In `@packages/server/src/flows/flows.heal.test.ts`:
- Around line 85-93: The test mock session needs to be made cursor-aware to
properly exercise stale-signal protection. Modify the mock session to track a
cursor position and elapsed time: make eventsSince() accept and use a cursor
parameter to filter events rather than returning all events, and make elapsed()
return an actual tracked value (either incrementing or controllable) instead of
always returning 0. This will ensure that heal(..., apply: true) verification
with the since floor from session.elapsed() properly validates that buffered
signals outside the time window are considered stale.
In `@packages/server/src/init/mcp.ts`:
- Around line 42-45: The claudeExistsProbe() function and other functions in
this file use inline string literals for CLI command arguments (such as 'get',
'add', 'user', '-s', '--', '--version') instead of named constants. Define named
constants at the top of the file for each of these CLI command tokens (e.g.,
MCP_GET_SUBCOMMAND, MCP_ADD_SUBCOMMAND, SCOPE_USER, etc.) following the same
naming pattern as the existing CLAUDE_CLI, MCP_SUBCOMMAND, and MCP_SERVER_NAME
constants, then replace all inline string occurrences throughout the file with
references to these new constants.
In `@packages/server/src/tools/assert-grade.ts`:
- Around line 40-46: The walk function's handling of allOf and anyOf predicates
incorrectly marks mixed predicates (containing both presence-only and
non-presence predicates) as presence-only. In the return statement for these
cases, the presence property is computed using subs.some() which returns true if
ANY sub-predicate is presence-only; this should instead use subs.every() to
return true only when ALL sub-predicates are presence-only.
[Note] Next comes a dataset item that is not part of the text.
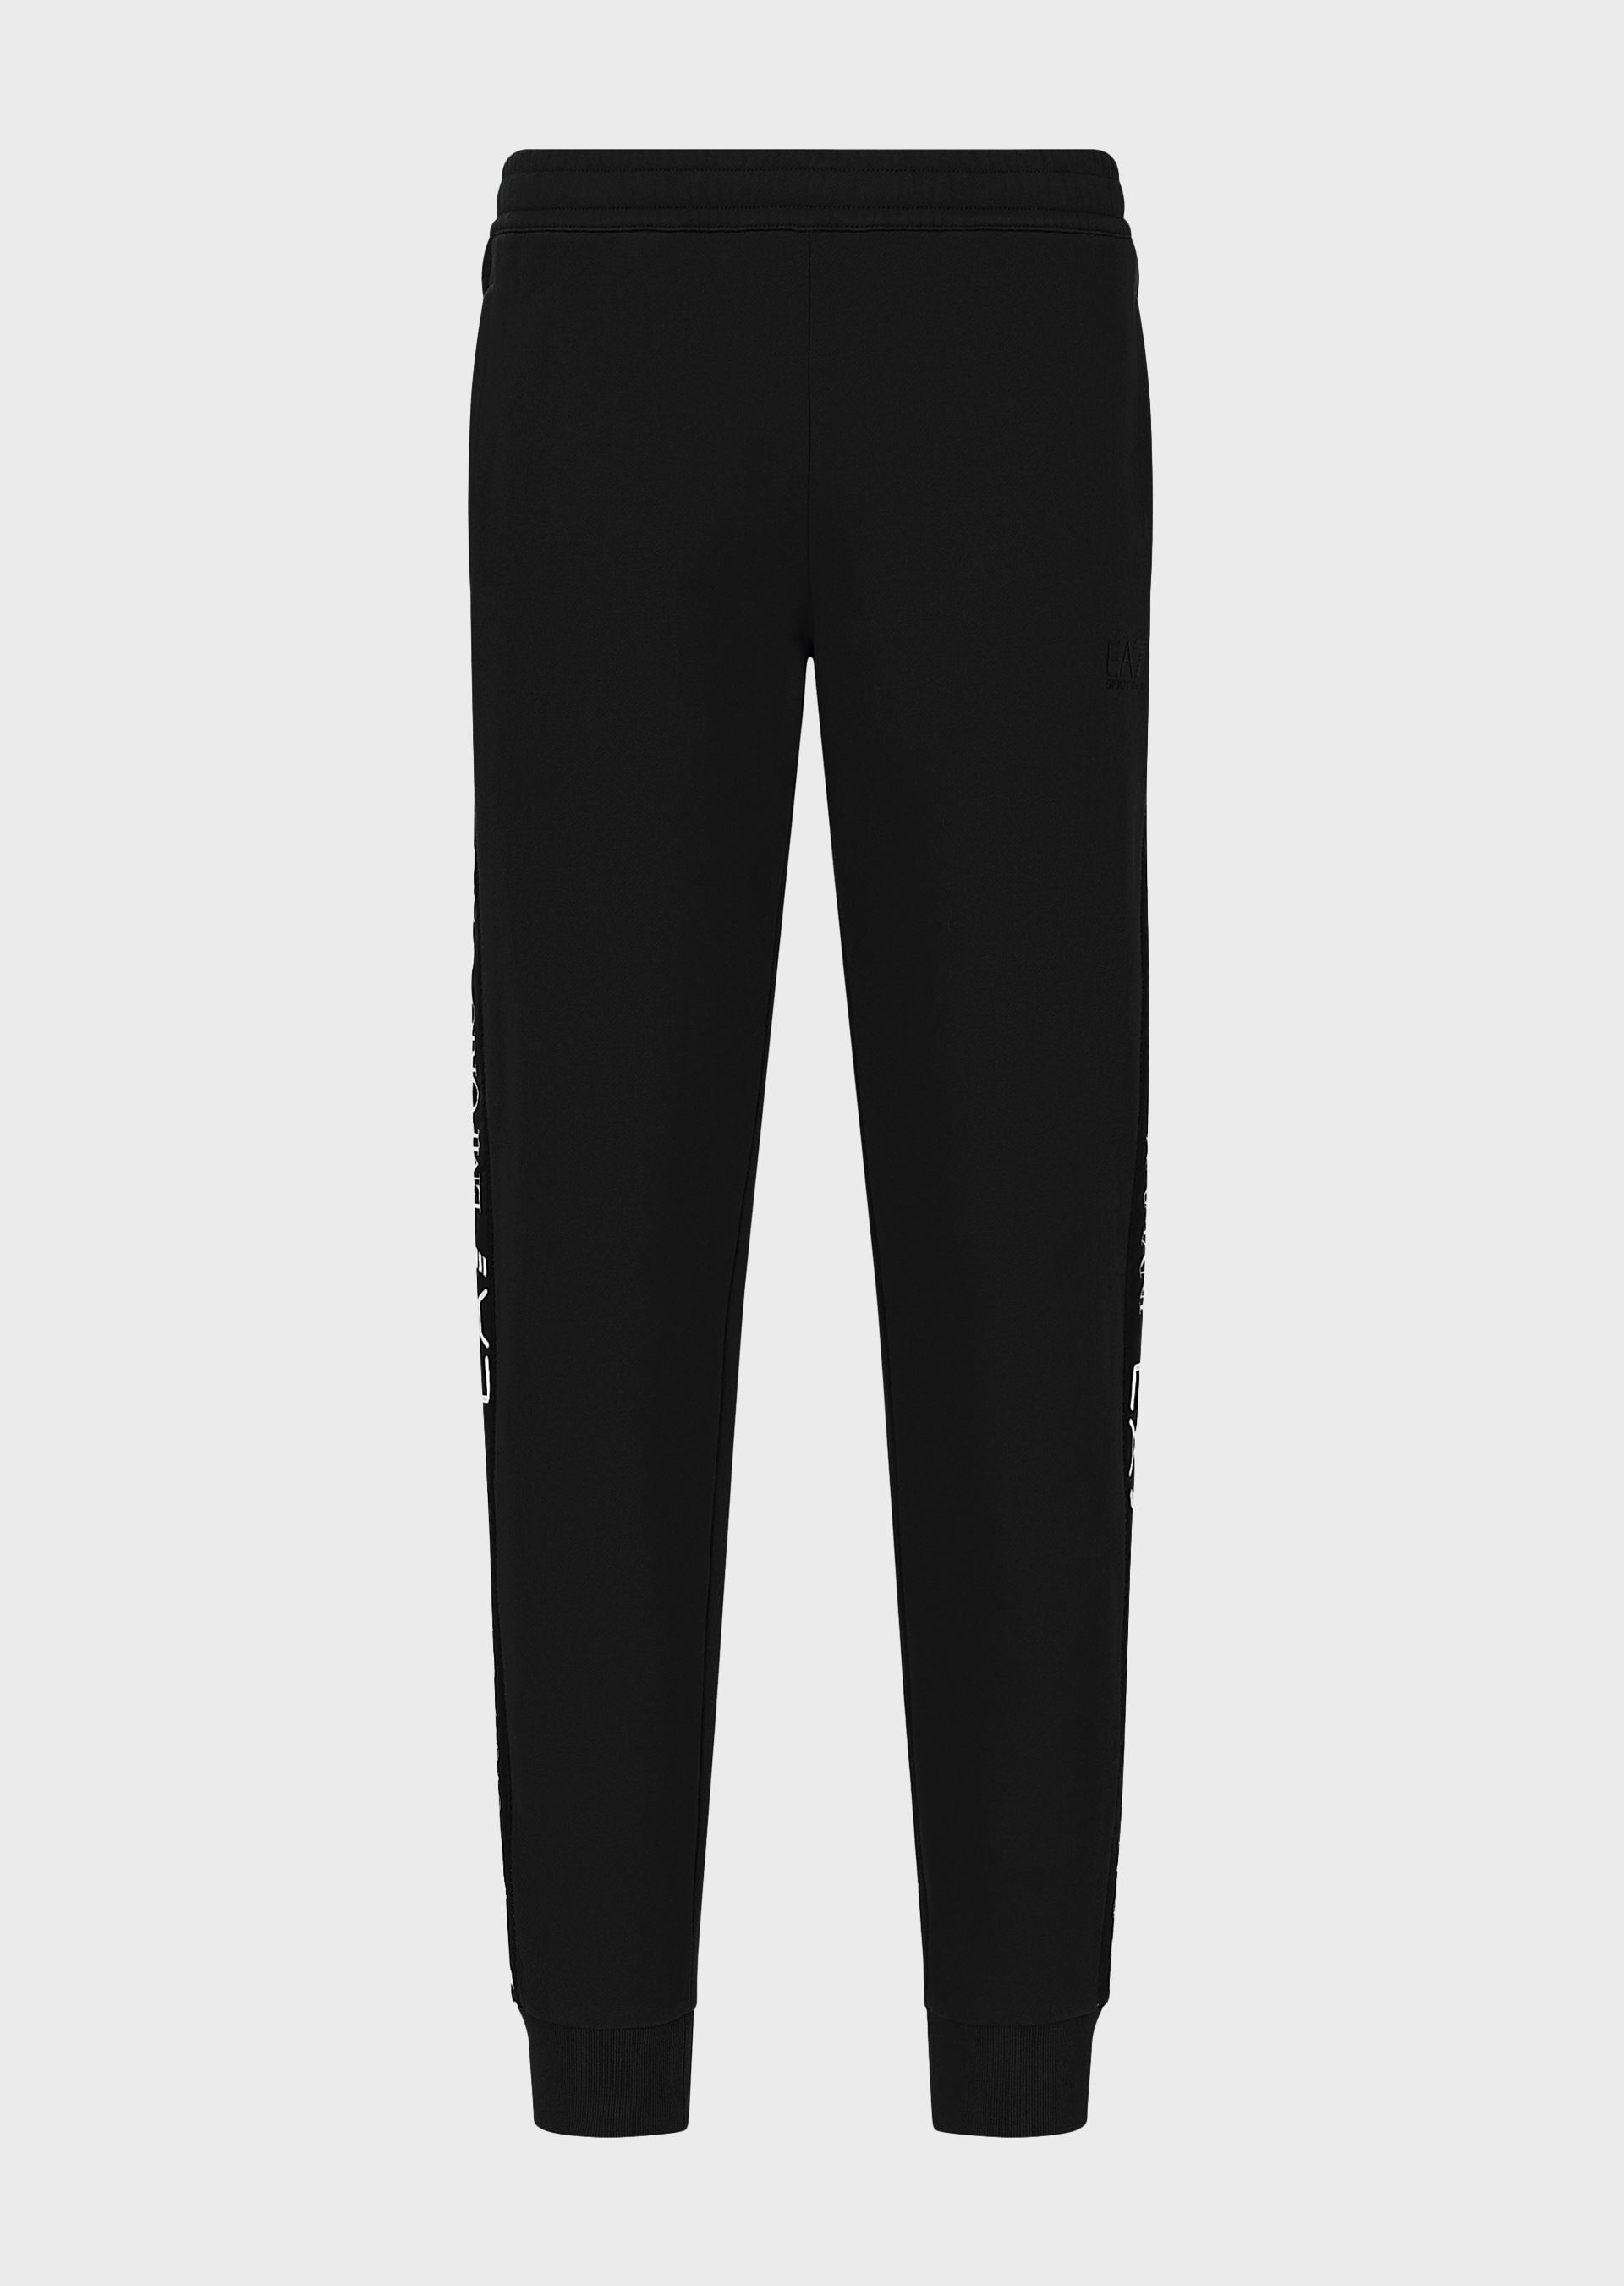 Emporio Armani Sweatpants - Item 13512987 In Black

This ensures that a
combined predicate is only flagged as presence-only when all of its constituent
predicates are presence-only, fixing the false advice emission issue that
contradicts the file's contract. Apply the same fix to both the allOf/anyOf case
block starting around line 42 and the similar logic at line 58-60.
In `@packages/server/src/tools/snapshot-cost.test.ts`:
- Around line 6-11: Remove the internal design-doc identifiers M0 and M2 from
the comment block in the snapshot-cost.test.ts file. Specifically, remove "M0 —
a reproducible measurement of the" and replace it with a direct description, and
remove "M2" references so the comment describes the measurement approach without
internal tracking codes. Apply the same fix to all other locations in the file
where these design-doc reference patterns appear (at lines 39-40, 59-60, 78, and
87-88), ensuring all letter-digit patterns like N5, G4, M8, etc. are removed
from comments, test titles, and log labels throughout the file.
---
Nitpick comments:
In `@packages/server/src/domain/domain-model.test.ts`:
- Around line 59-67: Add a new test case in the test file after the existing
test that verifies when a flow defines a signal anchor (via the signal property
in flow()) but does not assert it with expect.signal or success.signal, the
signal is still properly flagged in declaredUntestedSignals. Use
buildDomainModel, flow, and contract functions similar to the existing test
pattern to construct a scenario where a flow references a signal without
asserting it, then verify that signal appears in the
gaps.declaredUntestedSignals array to protect the stated asserted signal
contract.
In `@packages/server/src/domain/flow-risk.test.ts`:
- Around line 29-52: The test suite for flowRisk is missing coverage for the
FlowAssertionGrade.PRESENCE_ONLY case, which could allow regressions to go
undetected. Add a new test case in the describe block that exercises the
PRESENCE_ONLY grade by calling flowRisk with FlowAssertionGrade.PRESENCE_ONLY as
the first argument and a run result as the second argument (similar to the
existing test cases like the assertion-free flow test), then assert the expected
RiskLevel that should be returned for this grade to ensure the branch is
properly tested and documented.
In `@packages/server/src/events/predicate.test.ts`:
- Around line 228-311: Extract all inline domain/wire/UI strings from the
settled predicate test suite (the describe block starting at line 228) into
file-level named constants. This includes predicate kinds like 'settled',
'signal', and 'allOf', signal names like 'deploy:shipped' and 'x', URLs like
'/api/x' and '/api/deploy', event property names and values, and failure reason
strings like 'not settled'. Replace all occurrences of these inline literals
throughout the test cases with references to the corresponding named constants
to ensure compliance with the coding guideline that all domain/wire/UI strings
must be named constants.
In `@packages/server/src/events/predicate.ts`:
- Around line 363-373: The inline strings `'no activity to settle'` (used as the
note value) and the failureReason string template (used in the failureReason
property) need to be extracted to named constants following the repository's
coding guidelines. Define these strings as named constants at the module level
or in a centralized constants location, then replace the inline string literals
with references to those constants. Ensure the failureReason constant properly
handles the dynamic values by using a template string with the placeholders for
lastType, quietForMs, and quietMs.
In `@packages/server/src/flows/flow-success.ts`:
- Around line 30-75: Extract all hardcoded string literals from the successLabel
and successToPredicate functions into named constants at the module level.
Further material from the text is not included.